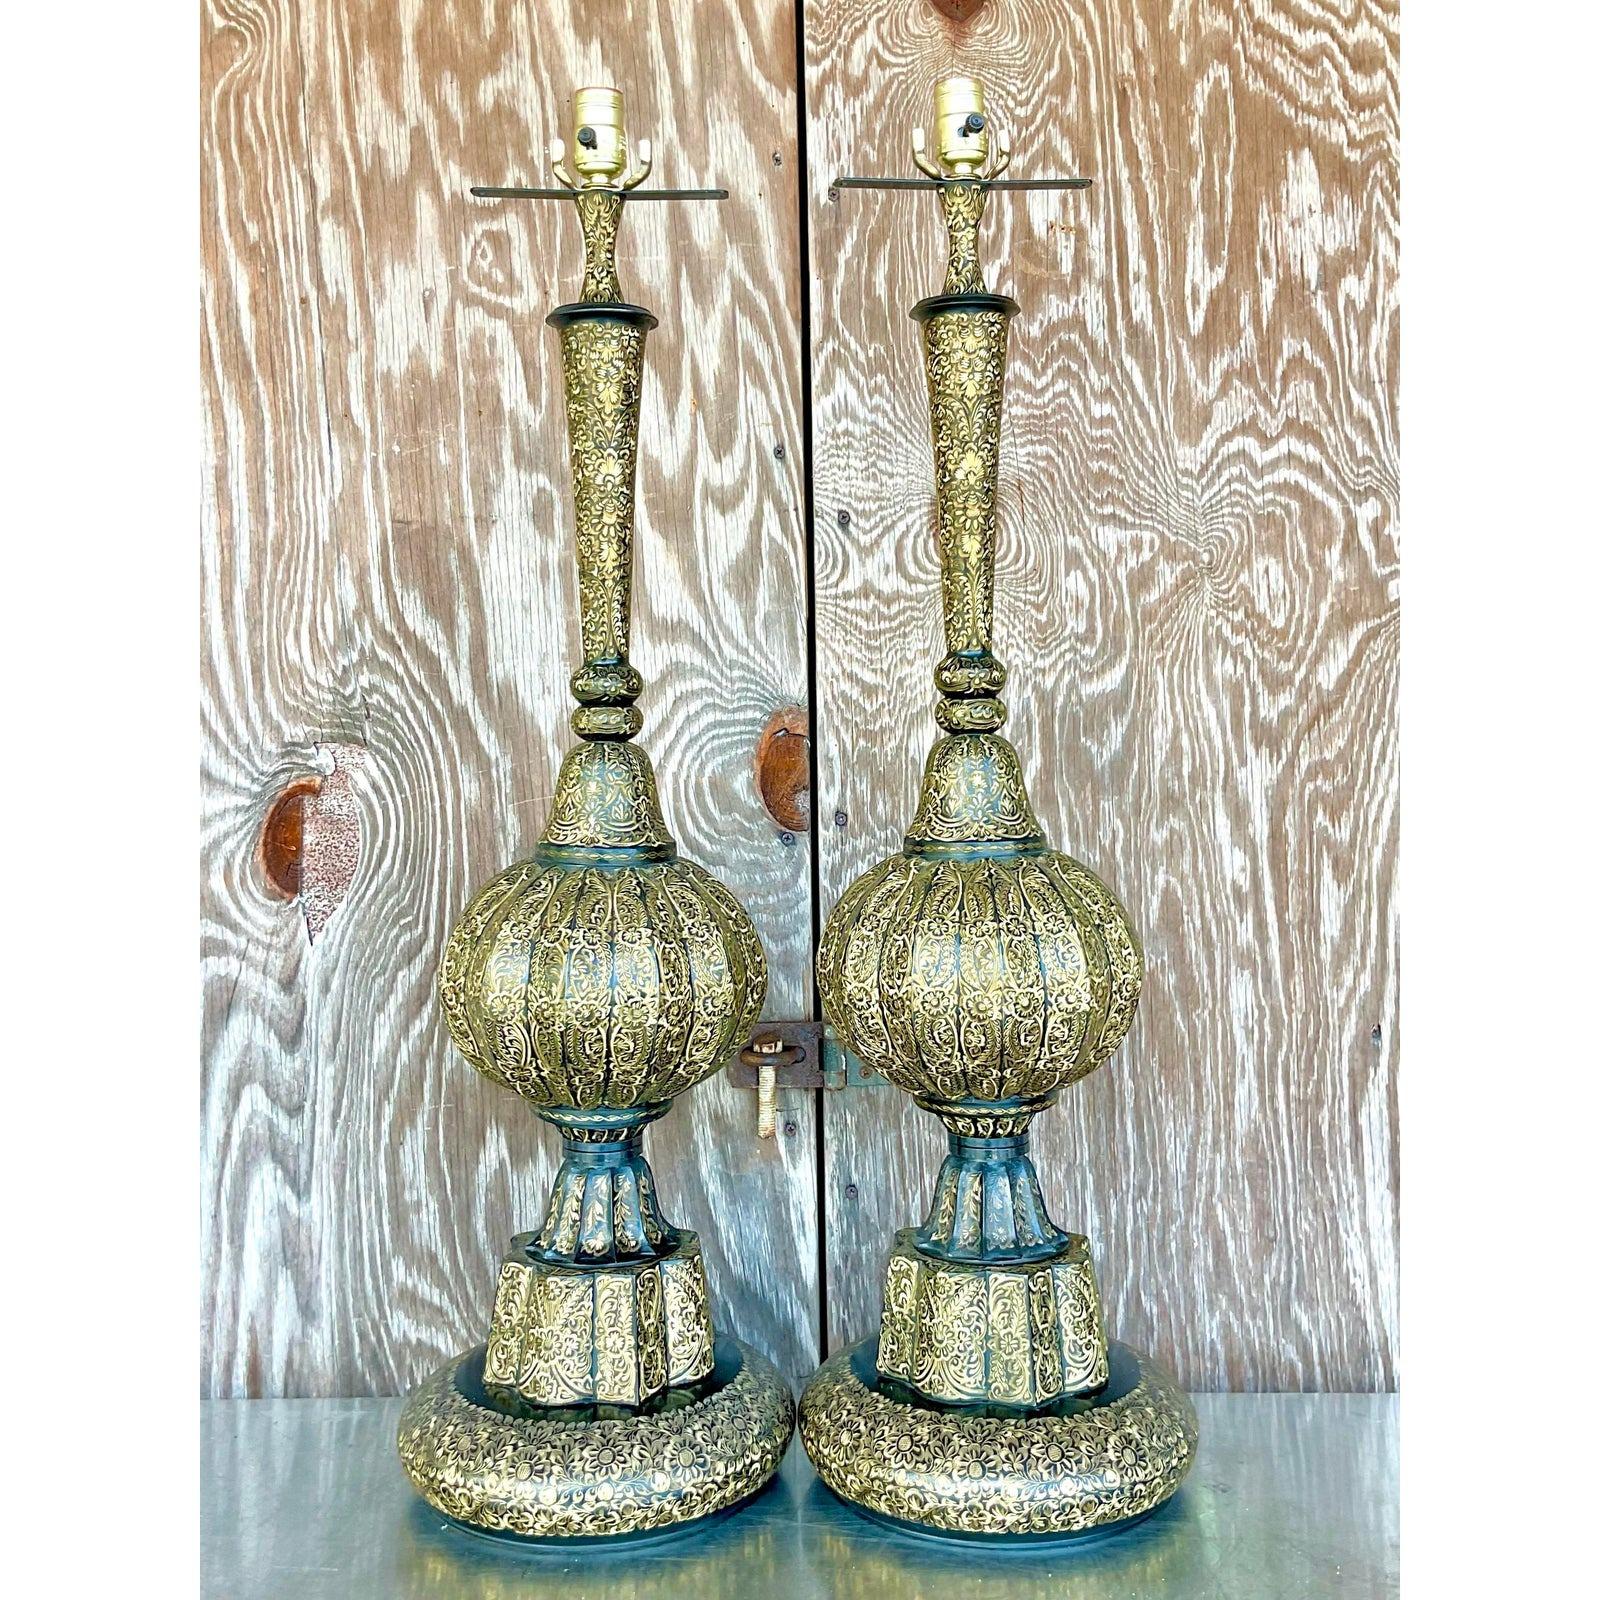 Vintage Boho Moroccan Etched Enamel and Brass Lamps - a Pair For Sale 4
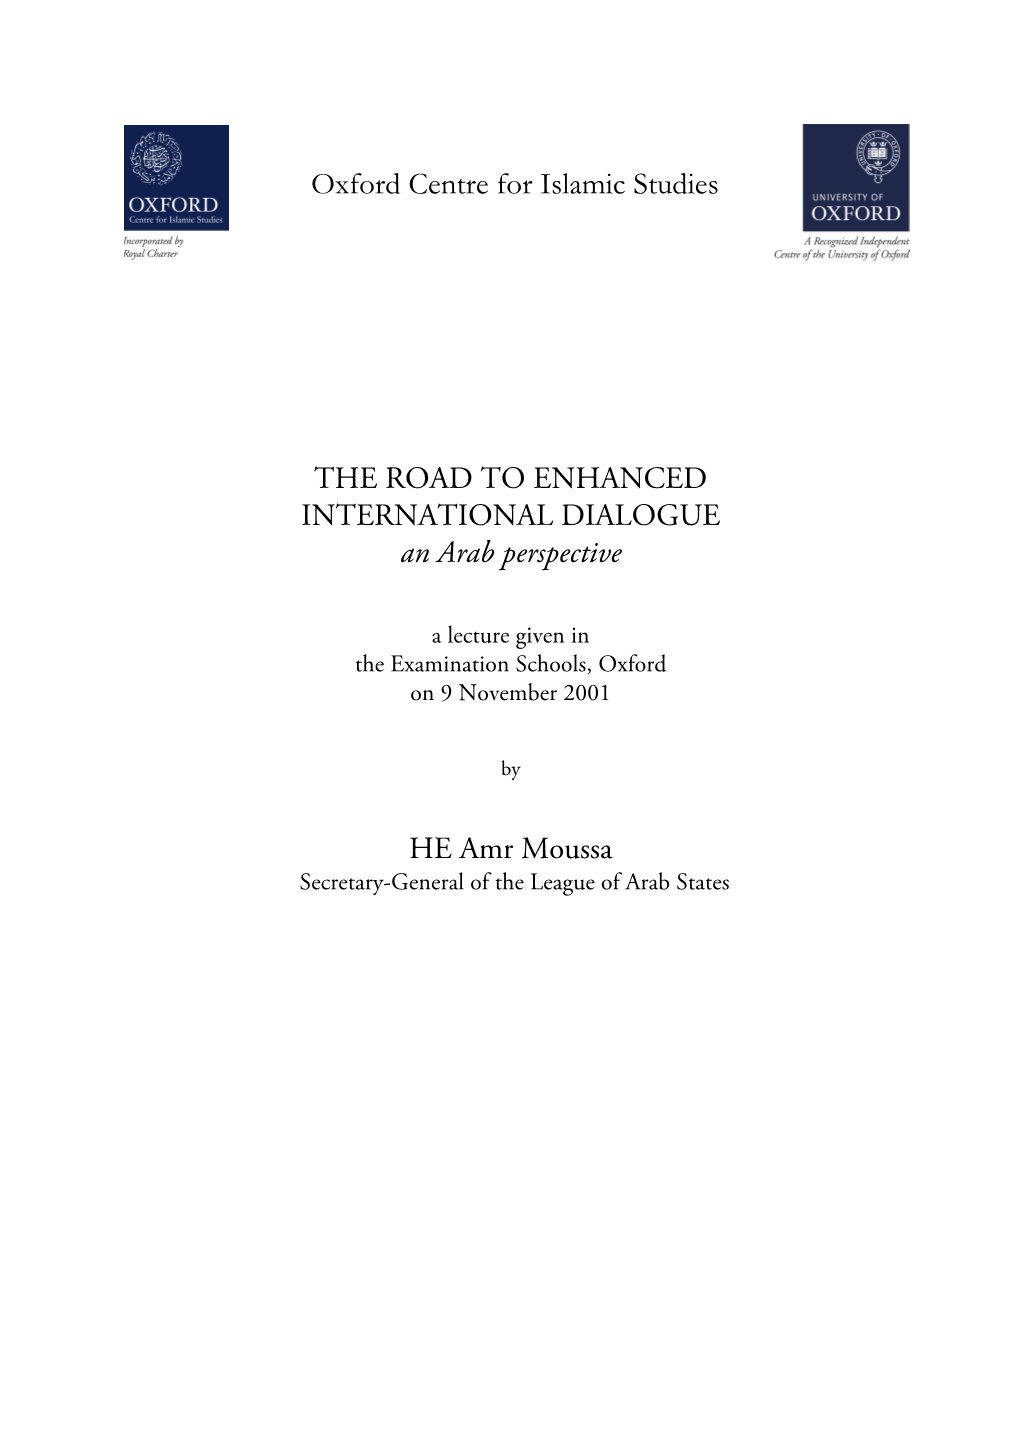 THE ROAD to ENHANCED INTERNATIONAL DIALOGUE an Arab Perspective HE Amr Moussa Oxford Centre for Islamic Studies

---

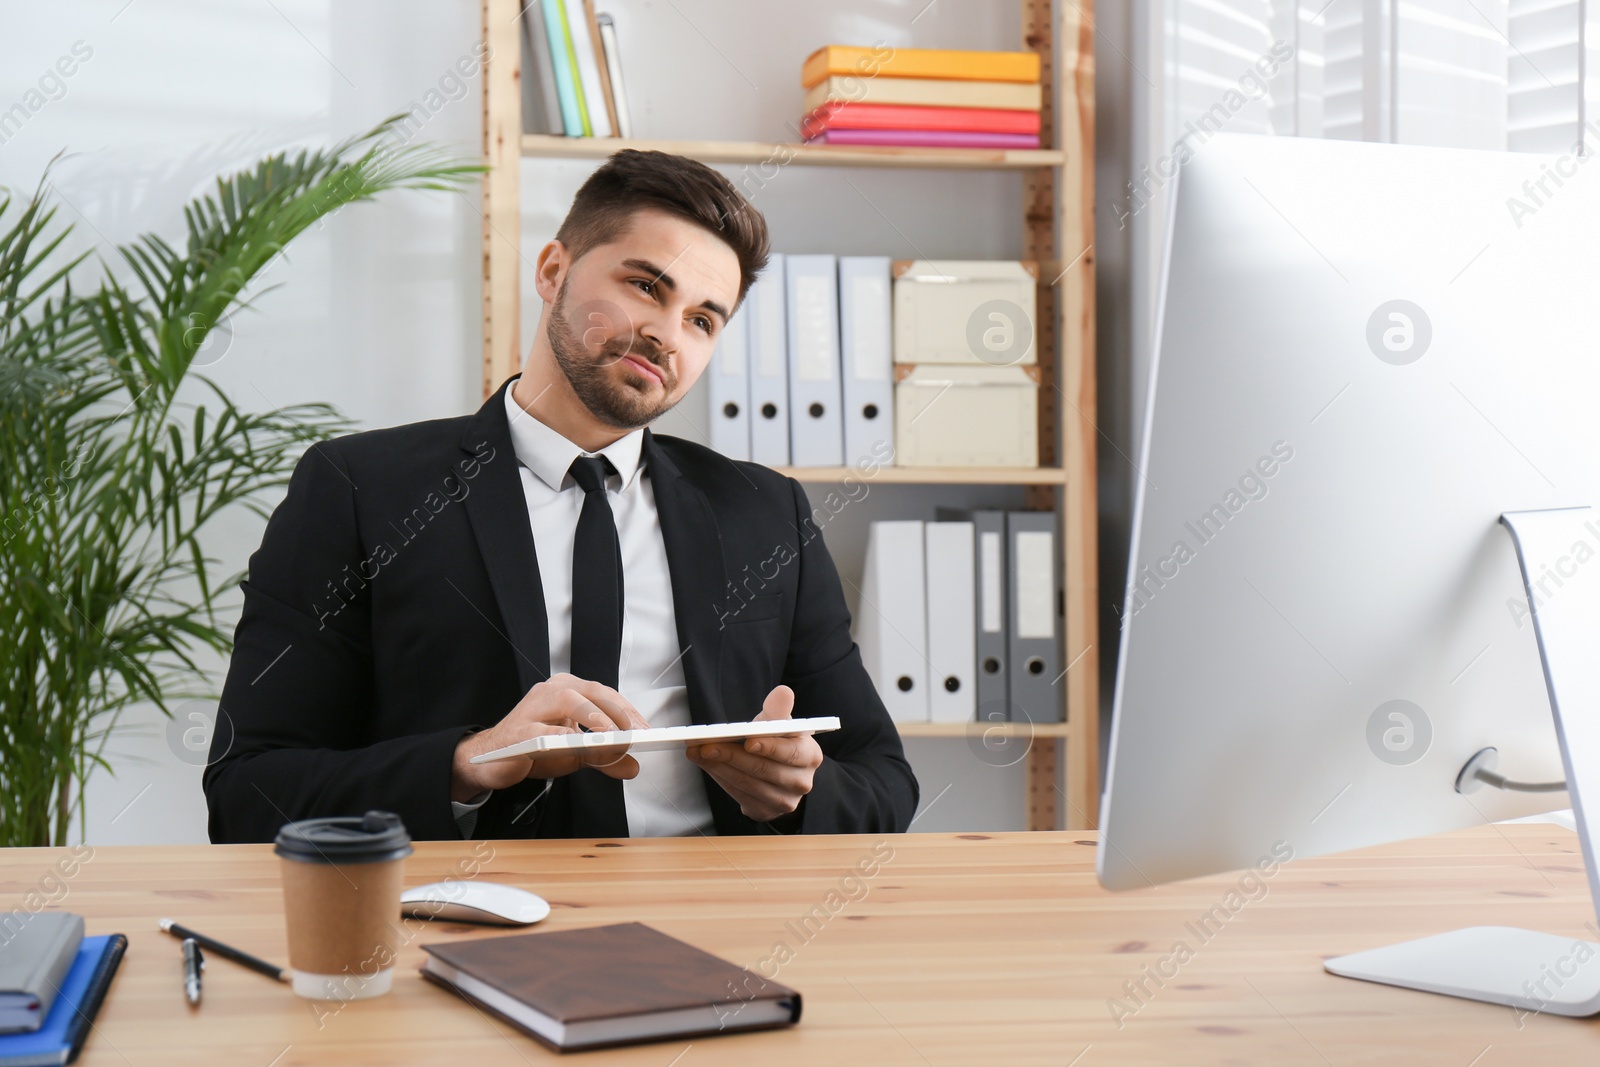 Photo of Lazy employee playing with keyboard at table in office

==

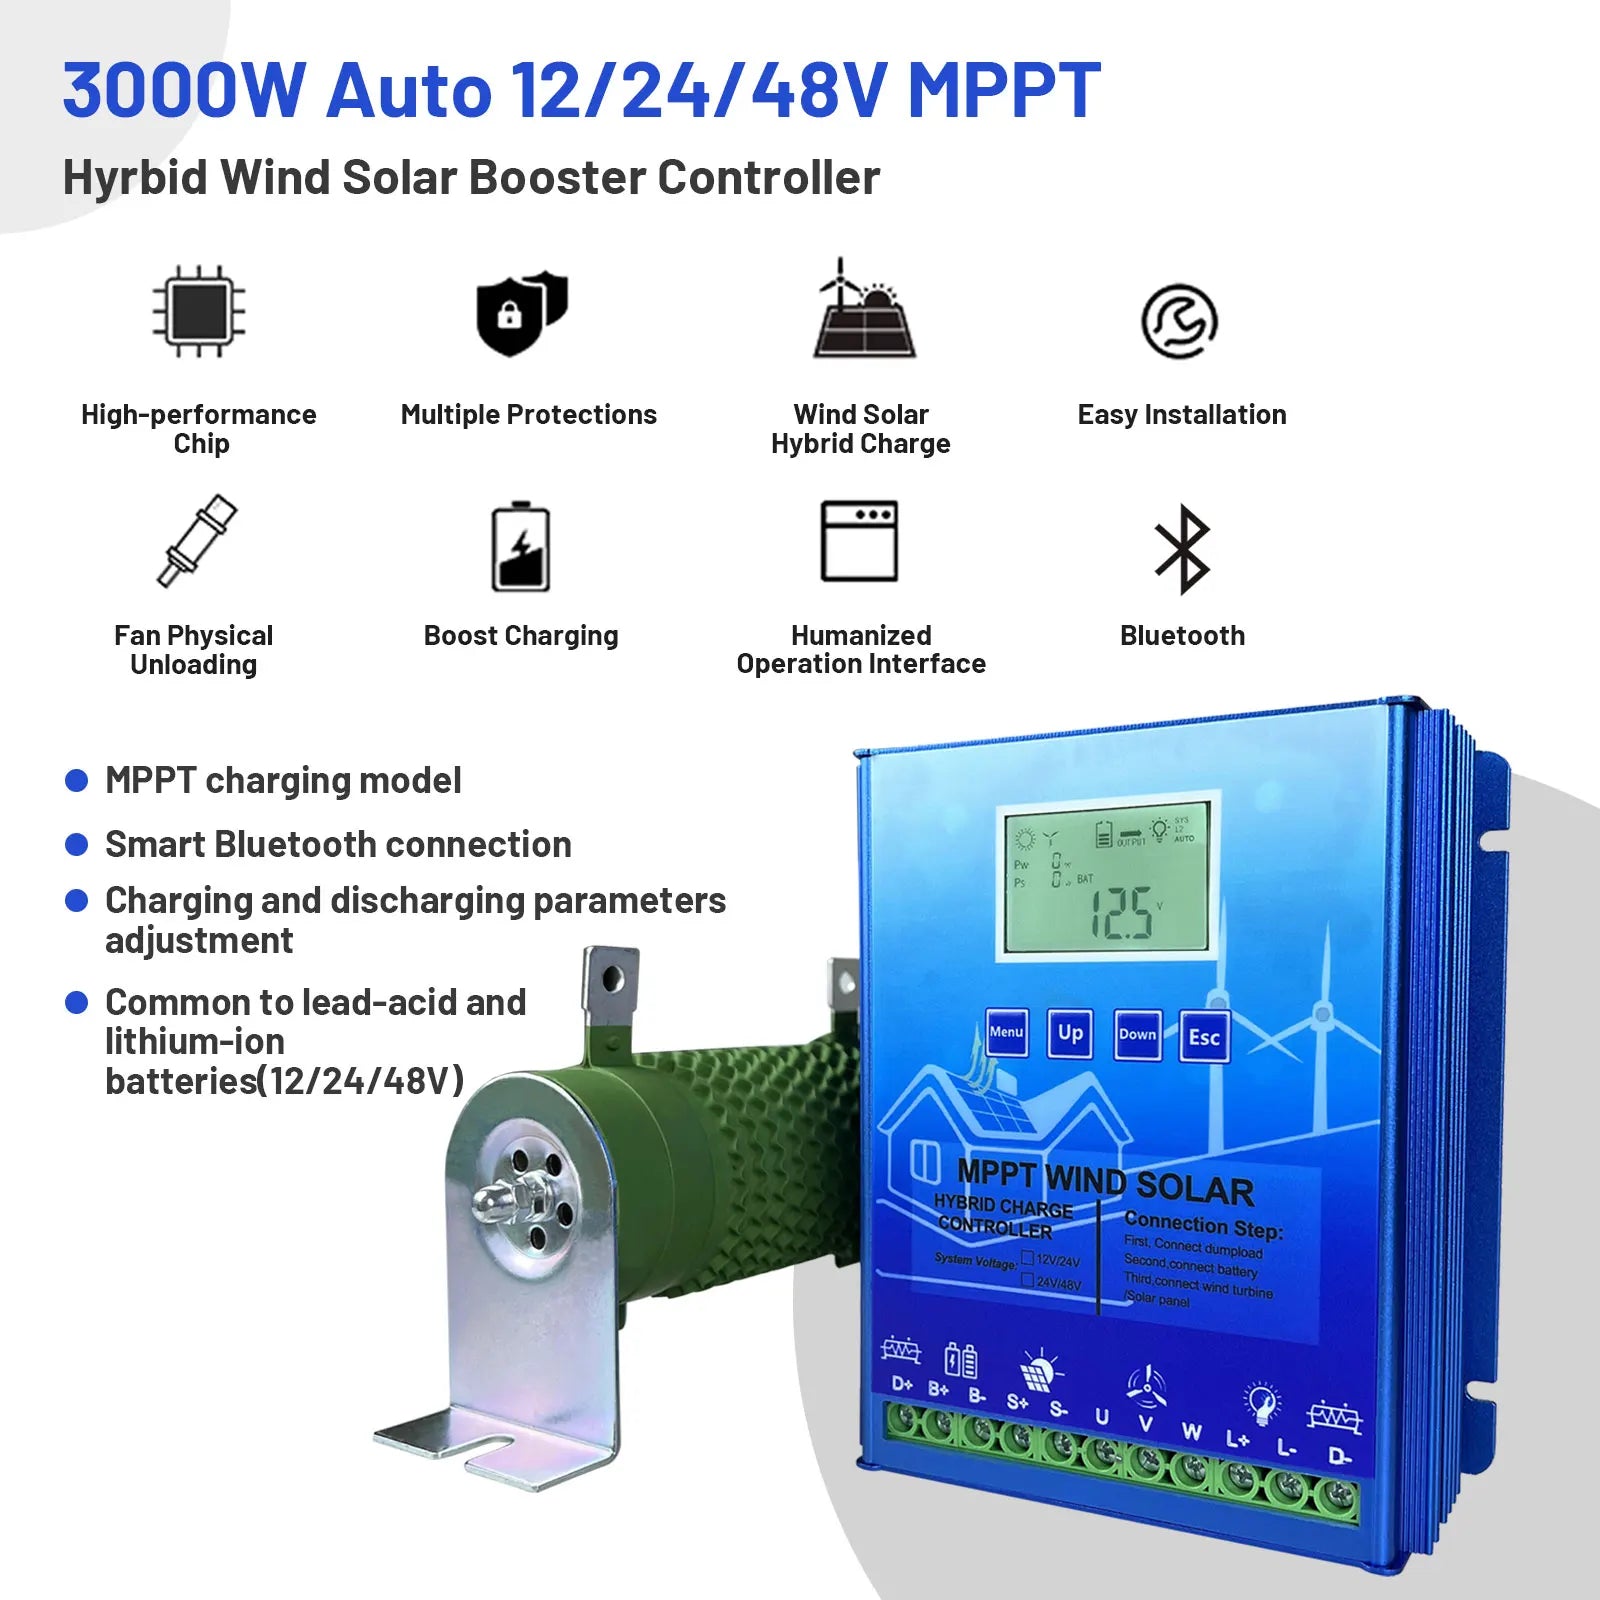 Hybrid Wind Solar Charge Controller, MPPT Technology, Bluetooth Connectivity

* _Action item_:
Within the listing above, copy exactly the lines that start at the one with "Vintage Boho Moroccan" and continue through the one with "THE ROAD to". Omit pictures.

* _Solution to the problem_:
 Vintage Boho Moroccan Etched Enamel and Brass Lamps - a Pair For Sale 4
 THE ROAD to ENHANCED INTERNATIONAL DIALOGUE an Arab Perspective HE Amr Moussa Oxford Centre for Islamic Studies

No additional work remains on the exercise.